Required action >> Can you transcribe the data exactly? Leave the pictures out.

Available data >>
********************

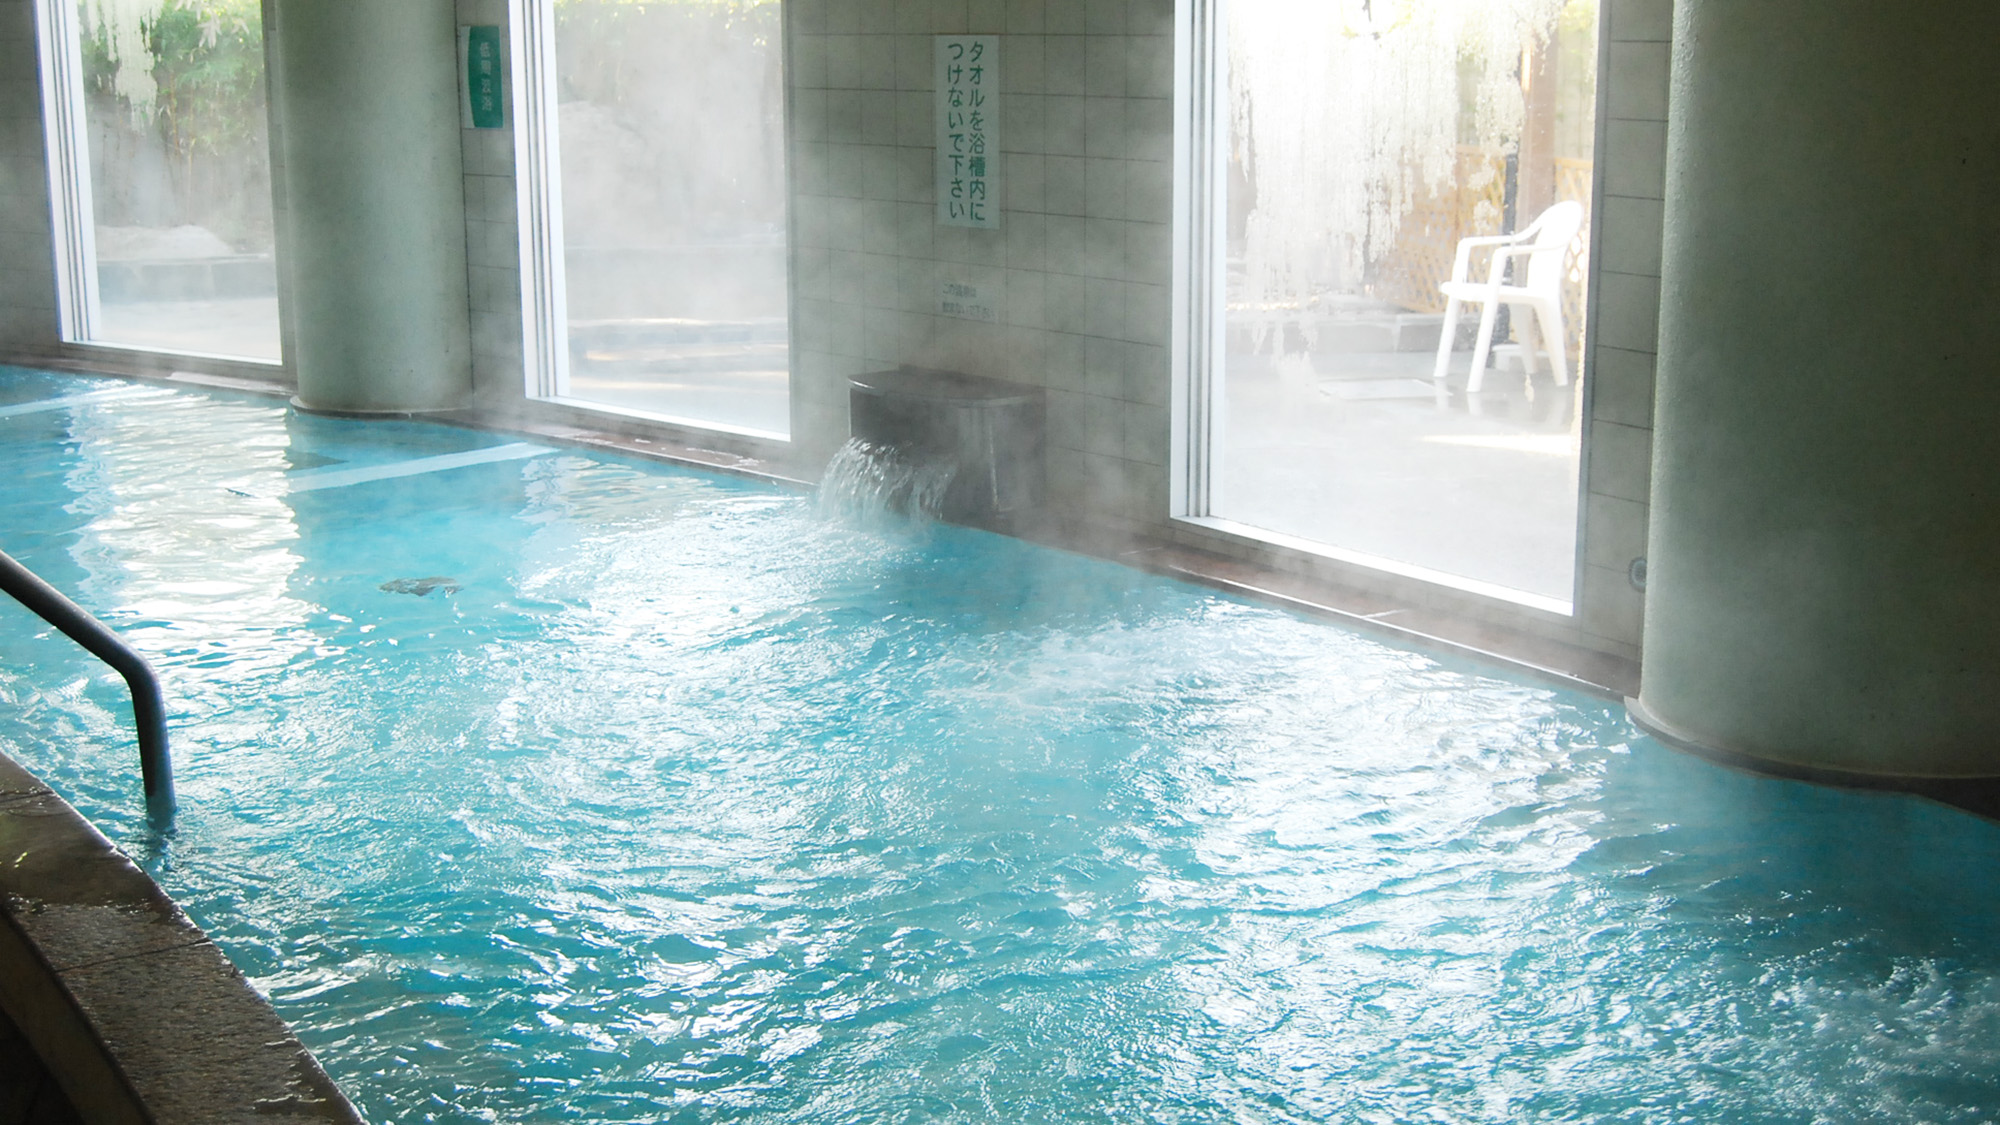 【大浴場/七城温泉ドーム】東浴・西浴と男女日替わりで楽しめるバラエティに富んだお風呂が人気。
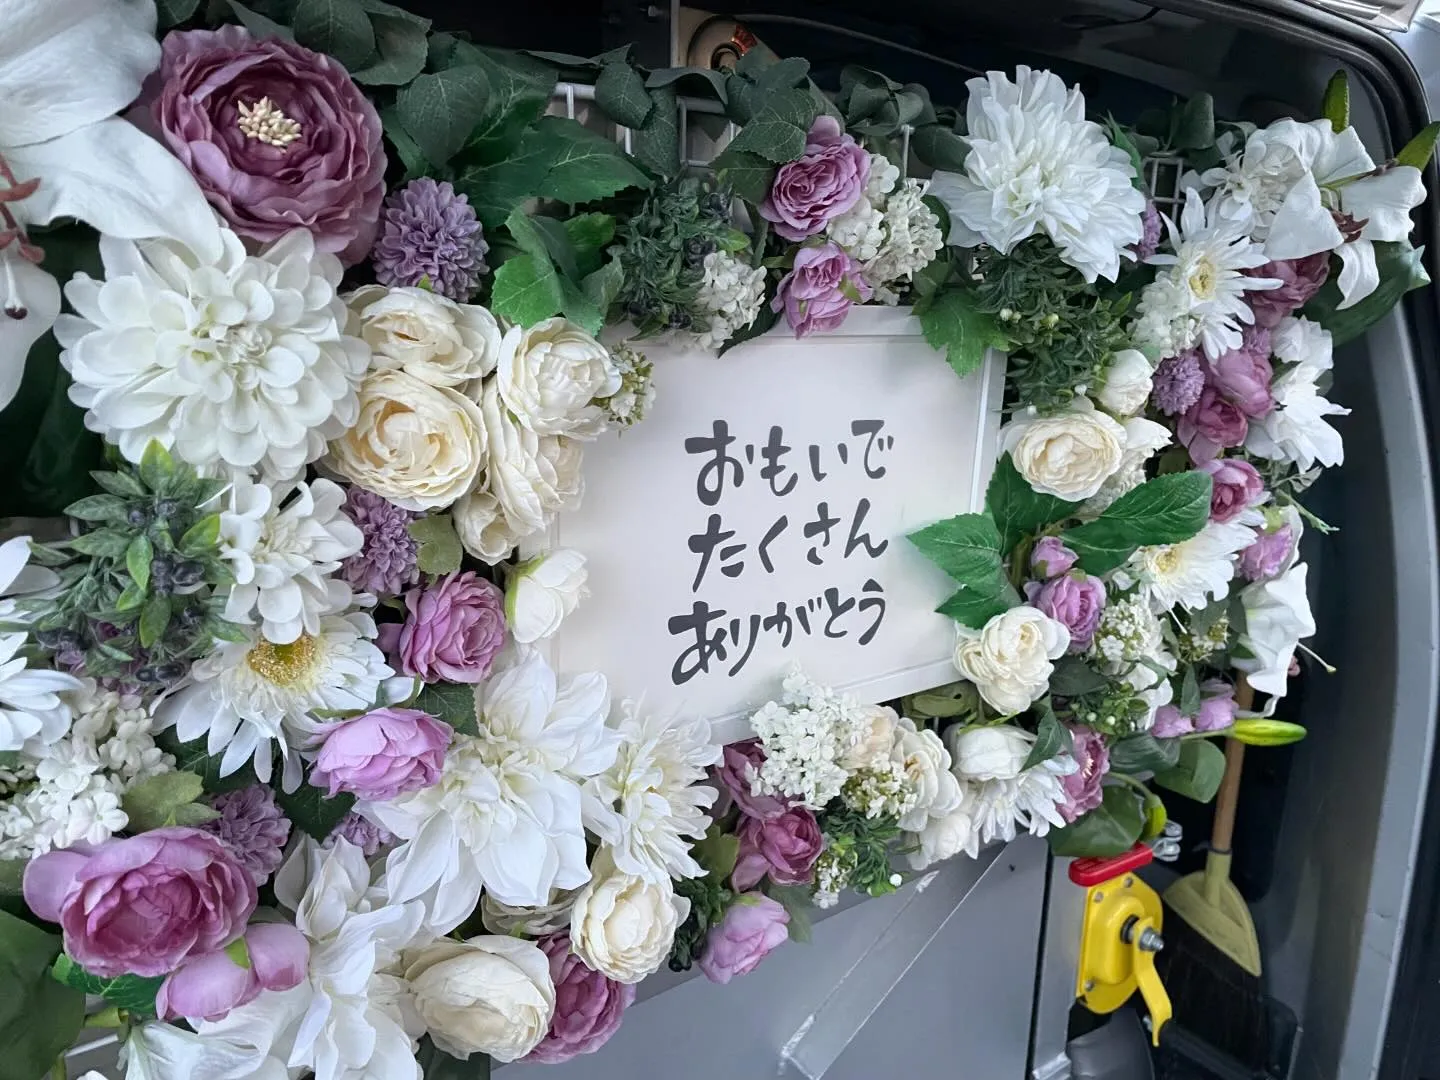 東京都昭島市にて小豆柴ちゃんのご火葬に伺いました。
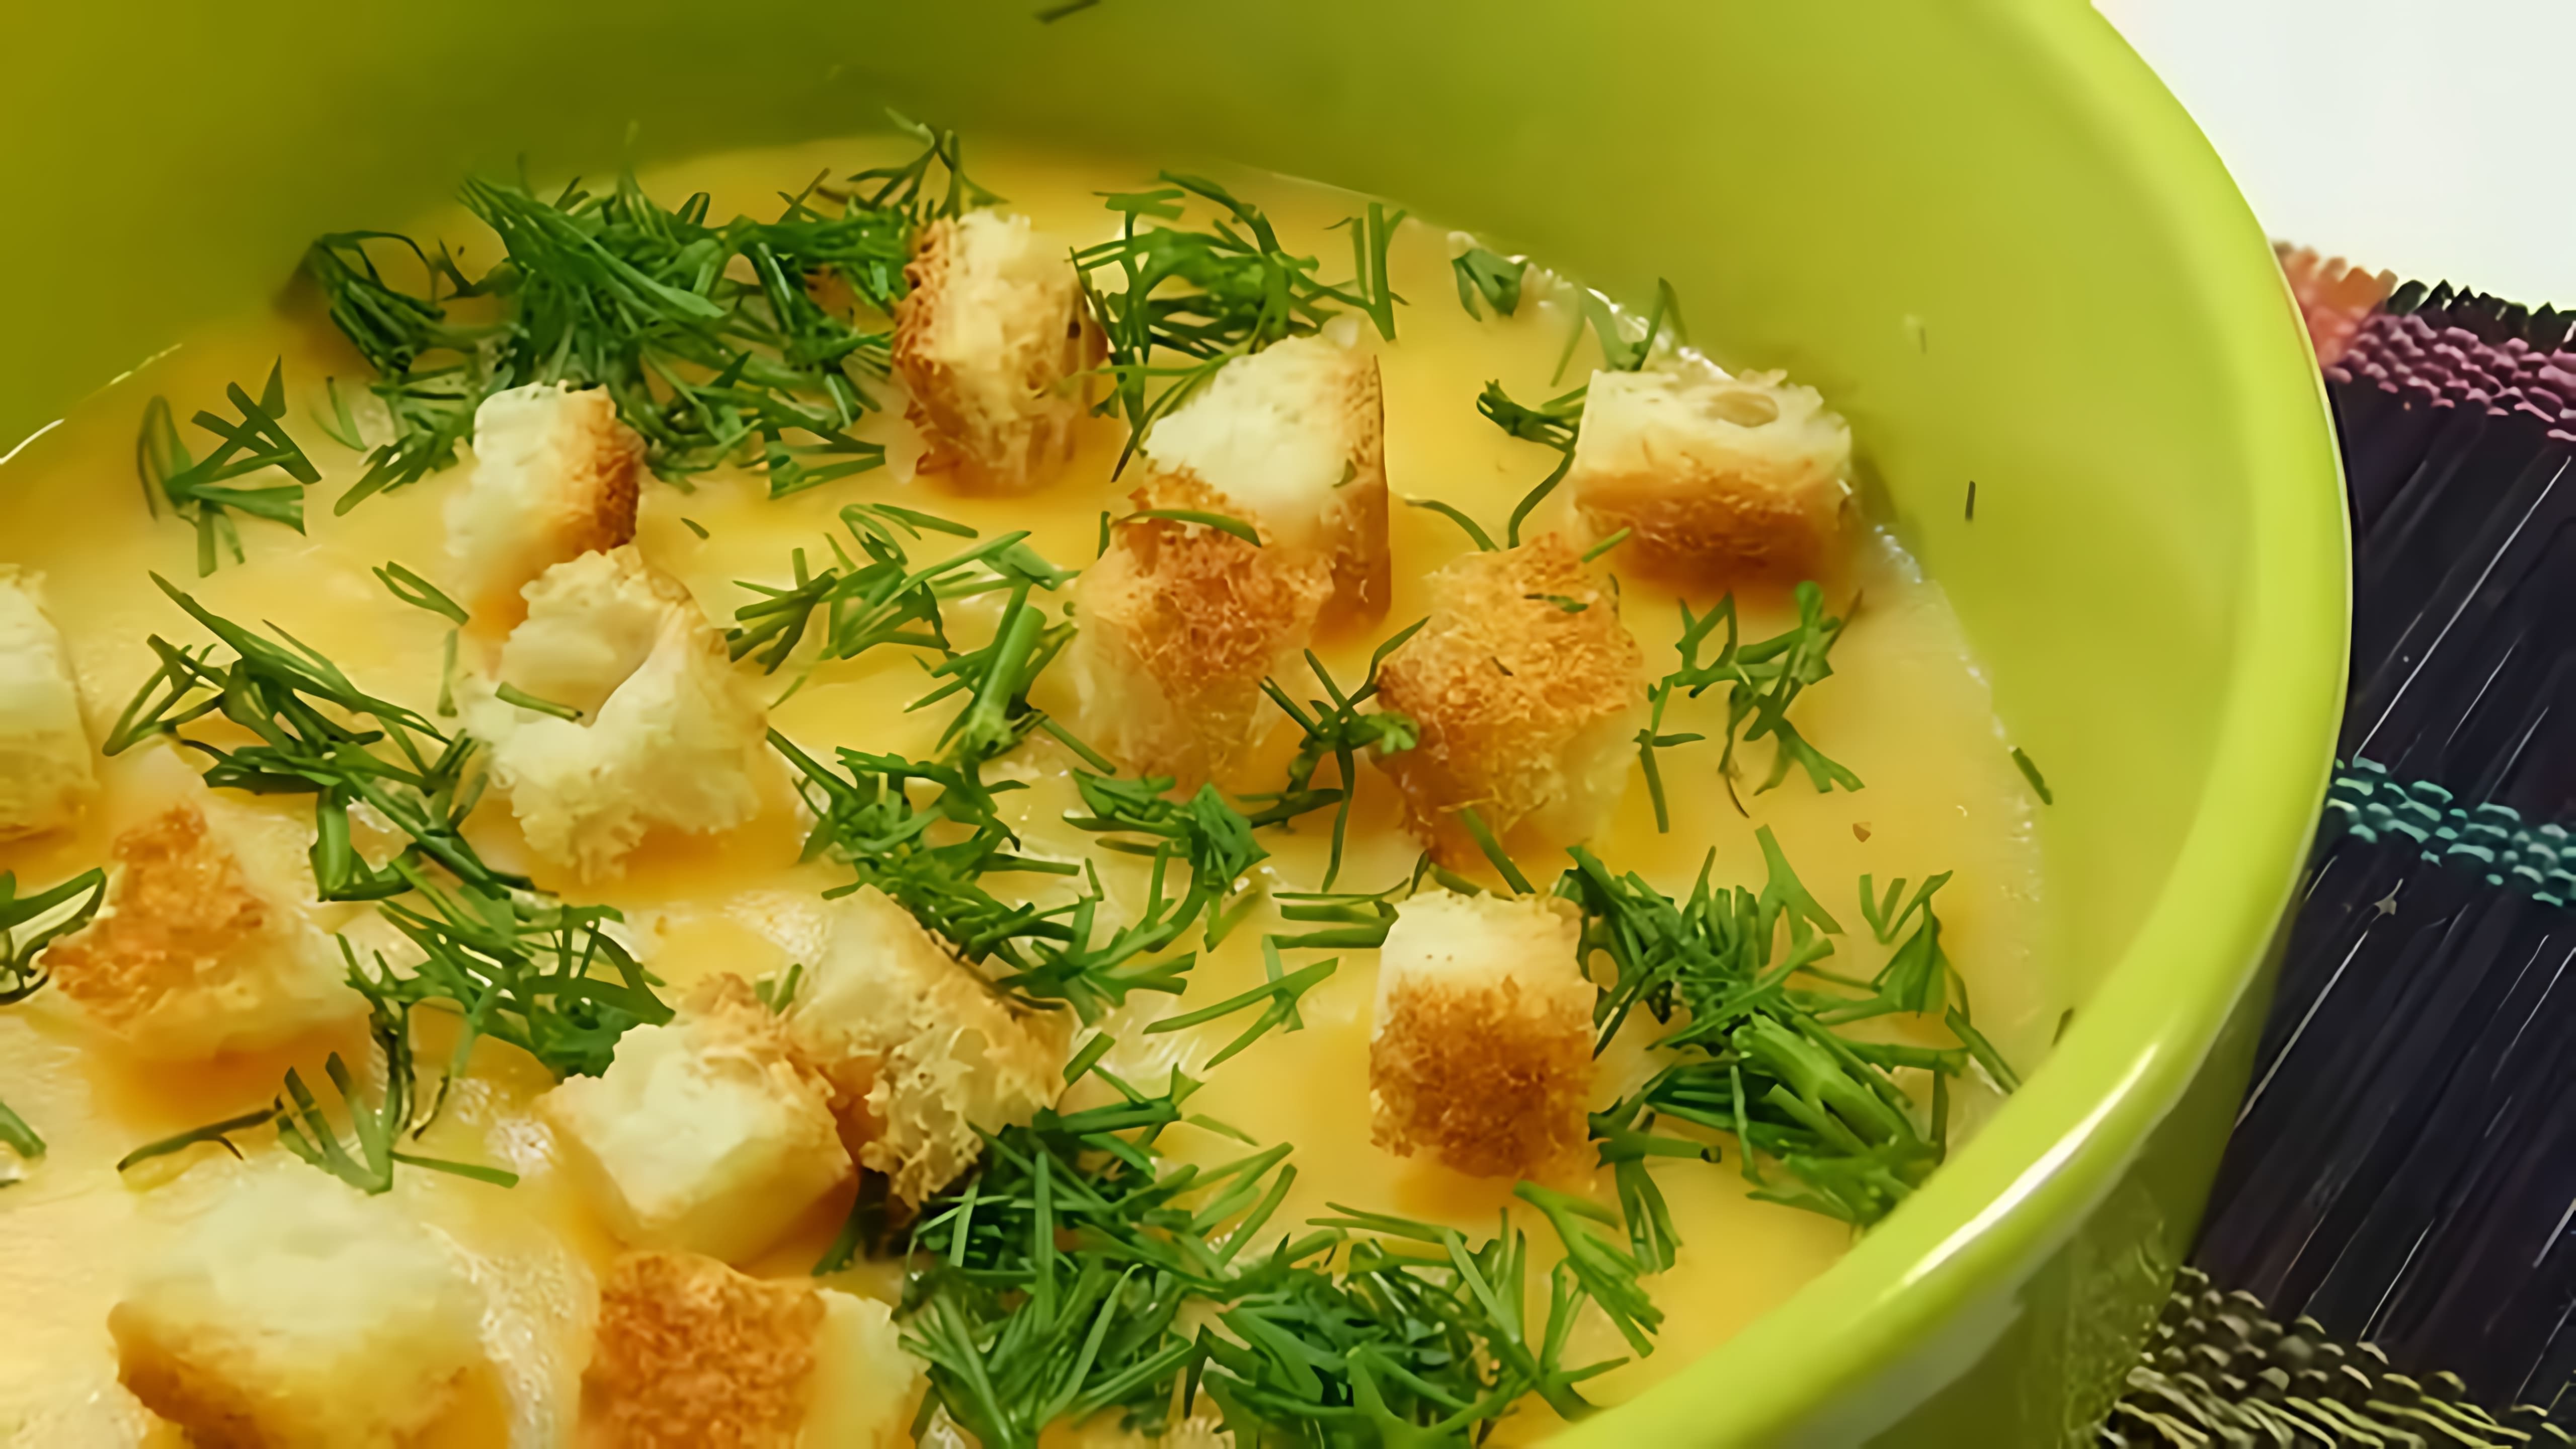 В этом видео демонстрируется рецепт приготовления овощного супа-пюре с сыром и сухариками
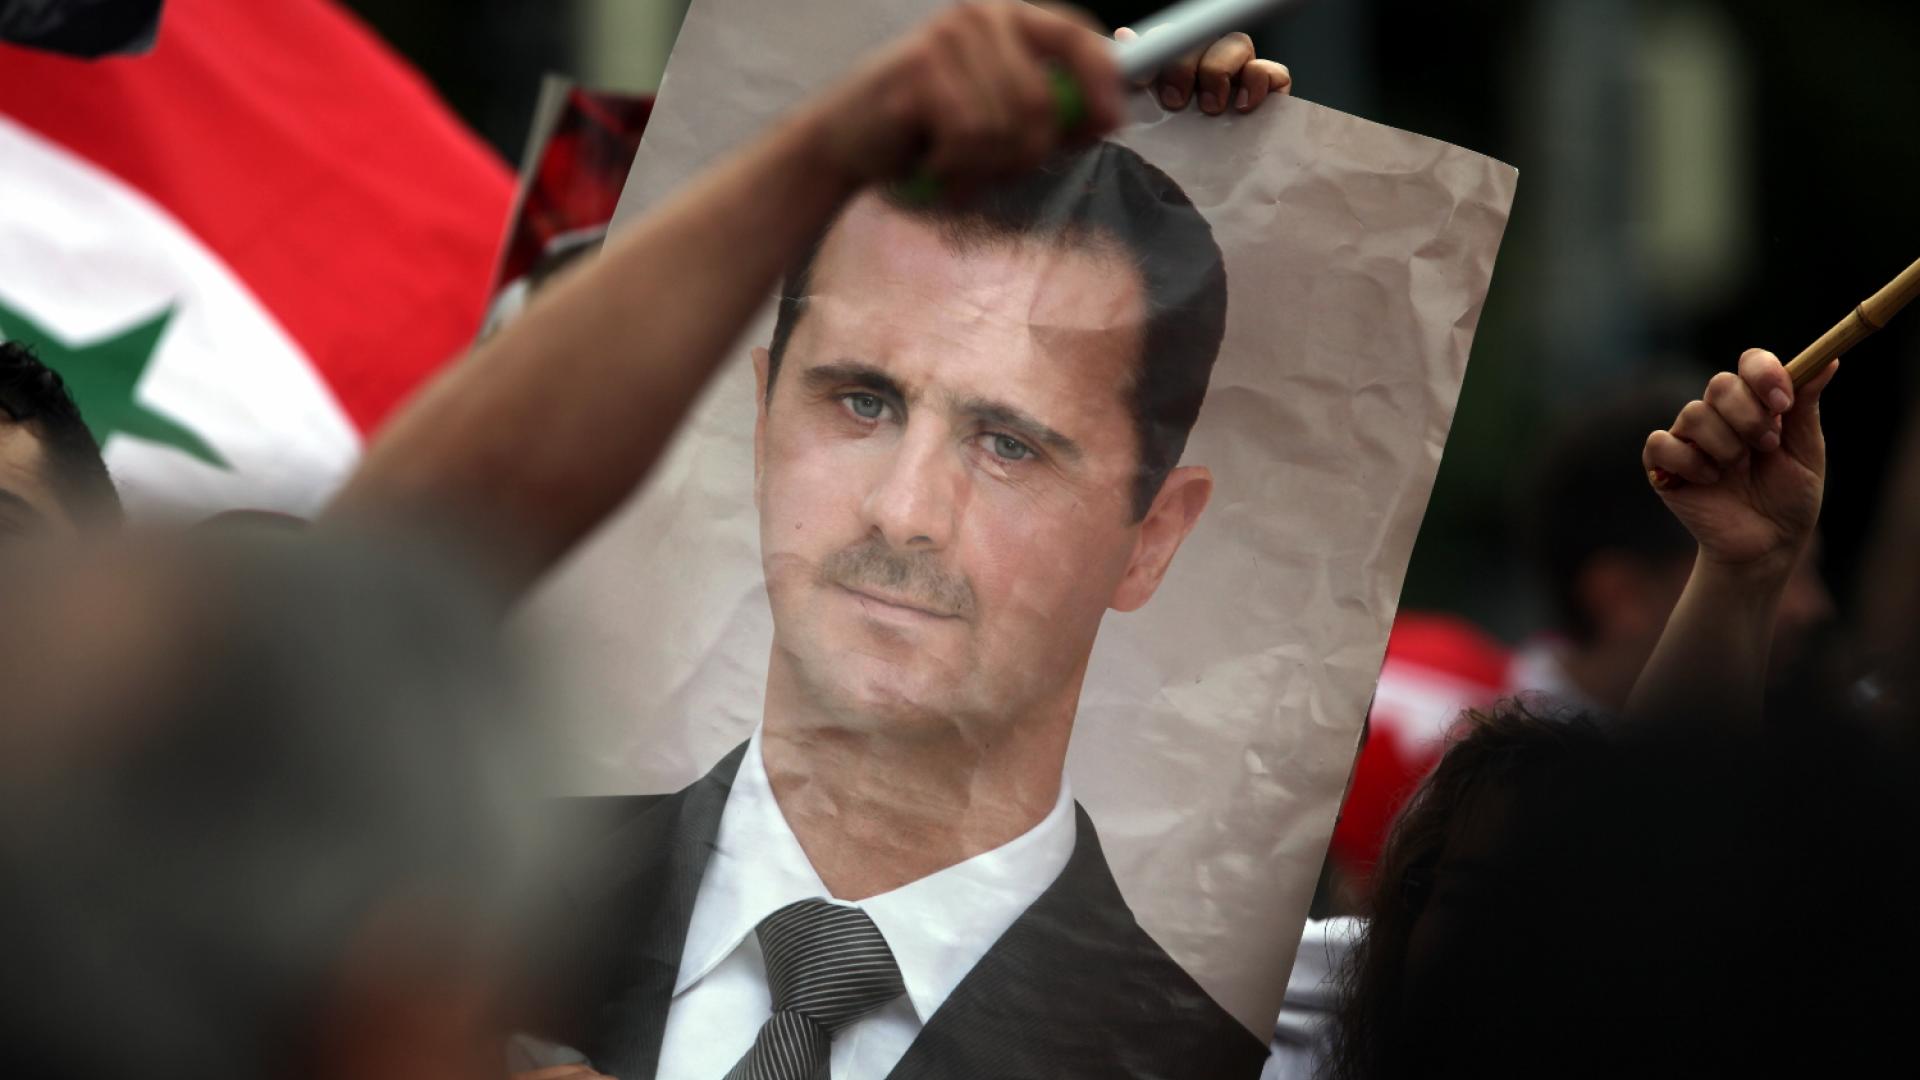 Bild von Baschar al-Assad auf einer Syrien-Demonstration (über dts Nachrichtenagentur)

********************

Response to this exercise >>
 【大浴場/七城温泉ドーム】東浴・西浴と男女日替わりで楽しめるバラエティに富んだお風呂が人気。
 東京都昭島市にて小豆柴ちゃんのご火葬に伺いました。
 В этом видео демонстрируется рецепт приготовления овощного супа-пюре с сыром и сухариками
 Bild von Baschar al-Assad auf einer Syrien-Demonstration (über dts Nachrichtenagentur)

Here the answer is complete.